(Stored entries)
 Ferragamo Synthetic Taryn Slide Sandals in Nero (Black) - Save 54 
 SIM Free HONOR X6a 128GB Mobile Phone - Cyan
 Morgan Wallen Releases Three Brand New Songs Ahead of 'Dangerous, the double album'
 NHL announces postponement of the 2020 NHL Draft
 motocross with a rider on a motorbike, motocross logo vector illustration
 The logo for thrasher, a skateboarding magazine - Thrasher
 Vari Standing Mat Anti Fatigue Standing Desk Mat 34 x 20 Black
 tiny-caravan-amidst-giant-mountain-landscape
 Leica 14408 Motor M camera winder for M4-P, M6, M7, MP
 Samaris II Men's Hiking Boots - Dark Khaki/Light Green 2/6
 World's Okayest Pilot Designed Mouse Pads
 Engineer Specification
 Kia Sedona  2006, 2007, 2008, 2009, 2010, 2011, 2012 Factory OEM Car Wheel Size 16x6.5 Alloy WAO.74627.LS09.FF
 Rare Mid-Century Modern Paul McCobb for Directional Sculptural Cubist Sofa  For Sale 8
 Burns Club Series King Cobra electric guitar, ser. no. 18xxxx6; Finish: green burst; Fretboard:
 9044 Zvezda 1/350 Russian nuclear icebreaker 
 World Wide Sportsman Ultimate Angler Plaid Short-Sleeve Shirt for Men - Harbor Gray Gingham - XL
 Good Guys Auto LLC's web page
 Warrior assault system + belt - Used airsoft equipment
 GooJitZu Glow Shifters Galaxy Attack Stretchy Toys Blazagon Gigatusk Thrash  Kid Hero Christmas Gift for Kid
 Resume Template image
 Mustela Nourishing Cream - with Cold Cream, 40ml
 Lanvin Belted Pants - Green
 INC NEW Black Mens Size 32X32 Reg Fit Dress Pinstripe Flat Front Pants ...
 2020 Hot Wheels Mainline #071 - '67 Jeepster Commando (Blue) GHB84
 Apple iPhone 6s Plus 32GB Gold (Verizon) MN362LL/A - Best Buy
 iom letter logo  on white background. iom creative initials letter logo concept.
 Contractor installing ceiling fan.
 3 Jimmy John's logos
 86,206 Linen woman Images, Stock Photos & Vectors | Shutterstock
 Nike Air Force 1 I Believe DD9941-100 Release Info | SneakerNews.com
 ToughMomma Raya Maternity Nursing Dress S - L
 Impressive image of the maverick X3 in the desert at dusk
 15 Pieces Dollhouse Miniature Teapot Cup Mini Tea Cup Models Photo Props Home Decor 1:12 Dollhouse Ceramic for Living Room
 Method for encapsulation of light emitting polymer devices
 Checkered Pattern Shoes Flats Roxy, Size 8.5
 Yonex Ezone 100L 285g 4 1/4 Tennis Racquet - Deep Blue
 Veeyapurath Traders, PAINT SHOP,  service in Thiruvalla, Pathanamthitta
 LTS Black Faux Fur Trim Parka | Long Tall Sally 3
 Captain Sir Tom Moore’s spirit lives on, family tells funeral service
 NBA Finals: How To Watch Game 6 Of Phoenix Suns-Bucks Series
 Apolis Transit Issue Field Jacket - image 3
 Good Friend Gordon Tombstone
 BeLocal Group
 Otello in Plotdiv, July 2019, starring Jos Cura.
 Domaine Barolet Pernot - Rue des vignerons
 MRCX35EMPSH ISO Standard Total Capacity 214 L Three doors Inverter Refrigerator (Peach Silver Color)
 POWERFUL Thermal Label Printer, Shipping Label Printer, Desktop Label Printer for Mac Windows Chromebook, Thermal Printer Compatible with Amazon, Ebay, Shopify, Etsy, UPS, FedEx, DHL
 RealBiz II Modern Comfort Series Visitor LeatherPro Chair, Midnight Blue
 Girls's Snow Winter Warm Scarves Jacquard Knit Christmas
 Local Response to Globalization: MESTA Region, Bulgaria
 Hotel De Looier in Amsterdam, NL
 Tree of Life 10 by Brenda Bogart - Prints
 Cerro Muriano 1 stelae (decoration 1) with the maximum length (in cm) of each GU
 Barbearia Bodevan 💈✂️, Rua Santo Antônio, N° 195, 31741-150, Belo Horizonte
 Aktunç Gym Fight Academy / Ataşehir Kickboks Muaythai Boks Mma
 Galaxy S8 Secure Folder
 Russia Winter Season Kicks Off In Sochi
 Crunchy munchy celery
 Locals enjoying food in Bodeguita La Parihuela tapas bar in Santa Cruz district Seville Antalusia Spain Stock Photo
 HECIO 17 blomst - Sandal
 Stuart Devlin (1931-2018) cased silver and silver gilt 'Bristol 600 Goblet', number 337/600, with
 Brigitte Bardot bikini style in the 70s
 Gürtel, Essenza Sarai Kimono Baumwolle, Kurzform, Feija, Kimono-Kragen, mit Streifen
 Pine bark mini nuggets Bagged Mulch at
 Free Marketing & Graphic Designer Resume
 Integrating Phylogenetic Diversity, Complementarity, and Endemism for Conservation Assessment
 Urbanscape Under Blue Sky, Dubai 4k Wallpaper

◆ TASK TO CARRY OUT:
Within the entries, find all lines holding "World" and copy each one.

◆ COMPLETED EXERCISE:
 World's Okayest Pilot Designed Mouse Pads
 World Wide Sportsman Ultimate Angler Plaid Short-Sleeve Shirt for Men - Harbor Gray Gingham - XL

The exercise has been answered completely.